Note: This post does not aim to be a tutorial in GAE app creation or deployment. If you want the basics, head over to Google's tutorial.

1. Don't use mutable global variables for anything

(Updated following some comments on Reddit)

In general, you wouldn't use mutable global variables in a server application anyway. If the server gets rebooted, you'll lose whatever is stored there. But when testing a new cloud platform (GAE), you want to know what you can and can't do. If I deploy an application on EC2, I can use global state to store things if I feel like it, and everything will behave perfectly well until the VM gets rebooted. In my experience they don't get rebooted that often, so if the variable contains something that did not have strong persistence requirements to begin with, you may not notice it being reset or it may not annoy you very much.

For example, in this shopping list app I wanted to create a map of weekdays to booleans to indicate whether or not to cross that weekday off the list (if the list was complete for that day), and thought instead of using the Datastore I'd use a global array of booleans - big mistake.

In GAE, it seems that VMs get rebooted much more often, and your global state is obviously not shared between VMs, so there's no point in using it to store anything. Memcached and the Datastore are the only ways of persisting information. As has been pointed out to me, the development server goes to great lengths to replicate and even exaggerate this behavior so that you aren't surprised by it in production.
The bottom line is: don't use mutable globals, especially in GAE!

2. Mime-types must be specified for all static handlers

This puzzled me for a while because it results in cryptic error messages from appcfg.py when you try and deploy:
UnicodeDecodeError: 'ascii' codec can't decode byte 0x89 in position 0: ordinal not in range(128)

The fix is simple:

All static file handlers in your app.yaml file must include a mime-type attribute, despite what it says here.

GAE is supposed (by its own admission) to know the Mime-Type of some common extensions, like CSS, but if you don't include them, you sometimes get the above exception. If you do, then you're probably missing some Mime-Types in app.yaml that the app engine can't figure out on its own. It would be nice if it could say this in a human-readable way, but there are a number of posts on SO (see eg. here) relating to this so it shouldn't be too difficult to figure out.
This is a particular pain point for web-font folders, since you'll have to specify a different handler for each font file type just so they can specify separate Mime-types for them all (or at least this was true on my system).

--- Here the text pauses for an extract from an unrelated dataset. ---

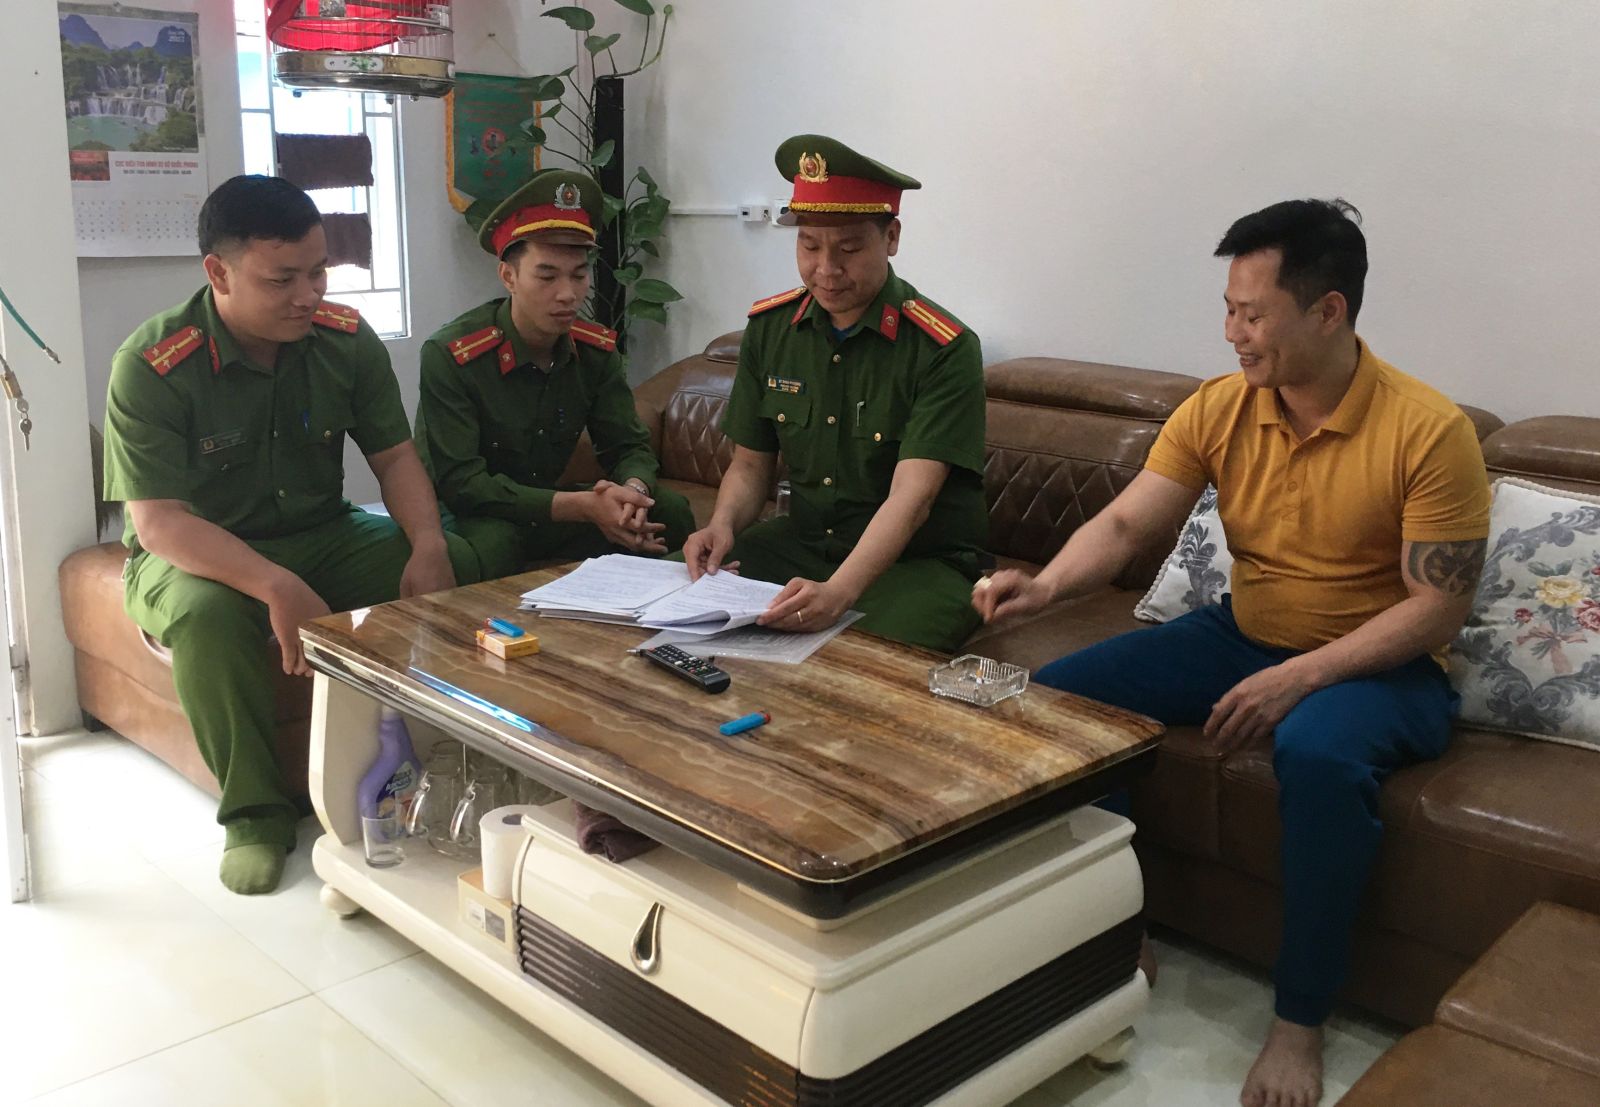 33/52 cơ sở kinh doanh cầm đồ trên địa bàn Thị xã Nghi Sơn có dấu hiệu vi phạm - Ảnh 1.
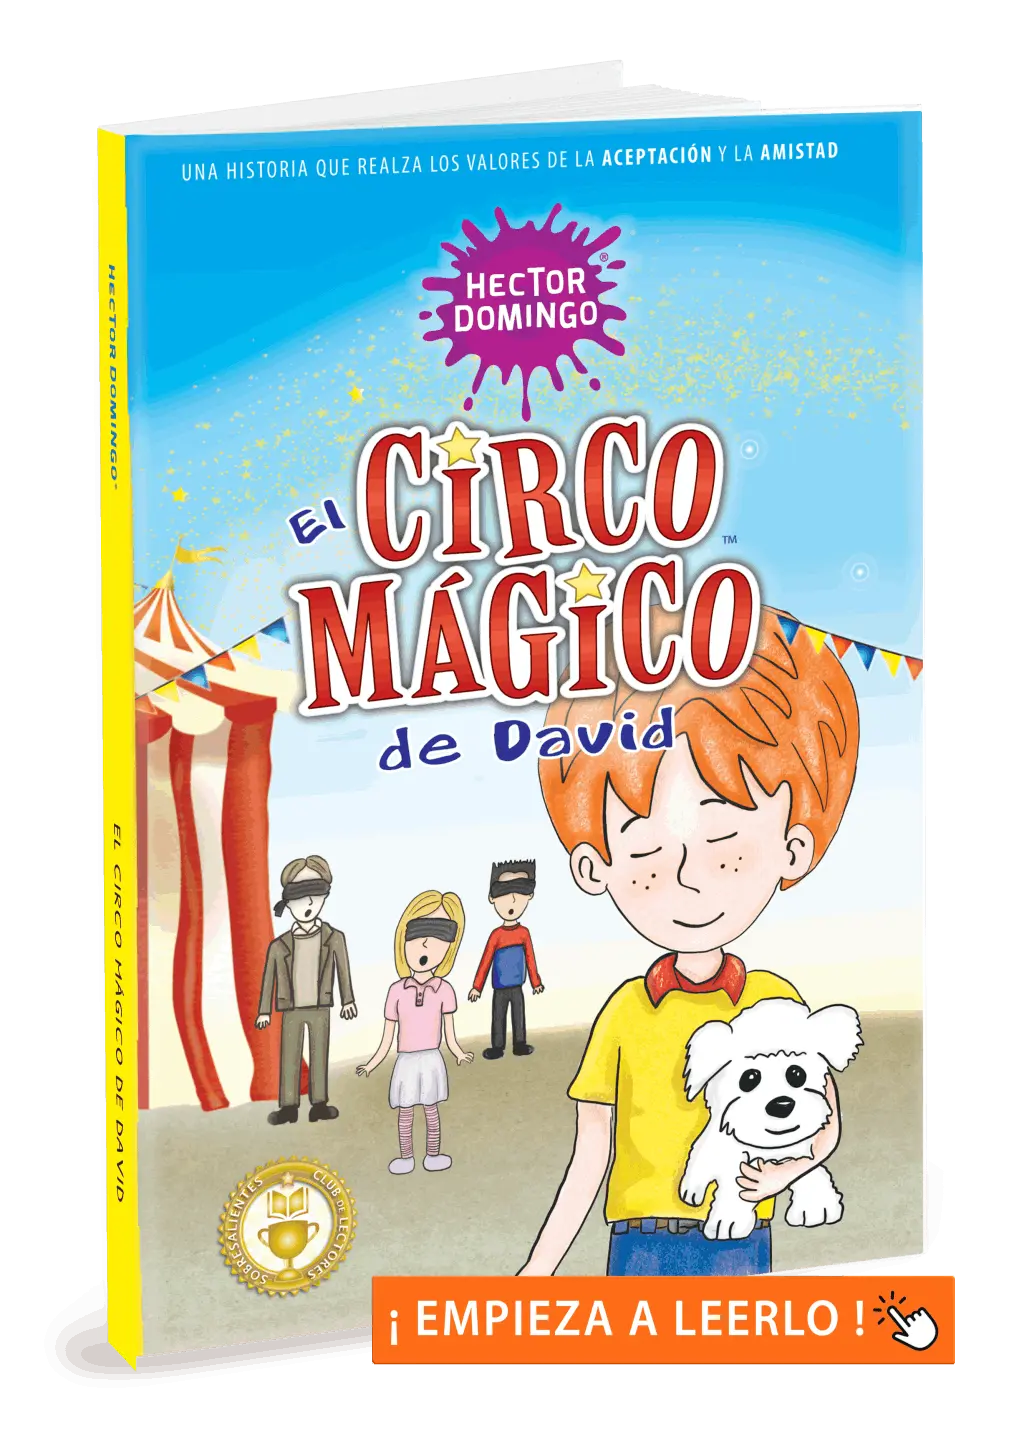 El circo mágico de David, por Héctor Domingo. Libros infantiles y juveniles.

3. Static files don't update when you appcfg.py update

The command python appcfg.py update [app path] is supposed to update the deployed version of your app with the changes that you have made to the local version. Unfortunately, if you expect it to update all your static files seamlessly, you're in for a world of pain. The process went something like this:
1. Deploy version 1 of your app
2. Go to [your-app-id].appspot.com and confirm that everything works as planned.
3. Actually, you notice something is not quite right in the styling and you end up making a small adjustment to the CSS
4. Re-deploy your app with a version bump.
So, you expect that if you go back to [your-app-id].appspot.com, you'll see the new styling, right? Nope. Not even if you clear your browser cache. GAE is very good at caching static files - so good that when you push a new version, it will happily ignore it.

The fix

According to what I could find online, some "cache-busting" semantics may work for you (see also this post). This involves changing all references to static files in browser-facing code (HTML/JS/CSS) to include an identifier that is unique to your version number, preventing GAE from serving up old versions.
Example: Instead of linking to js/app.js in your index.html, link to js/app.js#[version number].
Sounds good, but for some reason it didn't work for me and I still don't know why. Fortunately, GAE also uses a subdomain identifier to version your app, so if you want to access, say, version [xx] of your app, you can go to [xx].latest.[your-app-id].appspot.com. This worked for me, although it is not a pleasant solution by any means since I'll have to update the bookmark on my iPhone every time I make any small change to the app.
If I can find out why the cache busting technique failed for me I'll update this post.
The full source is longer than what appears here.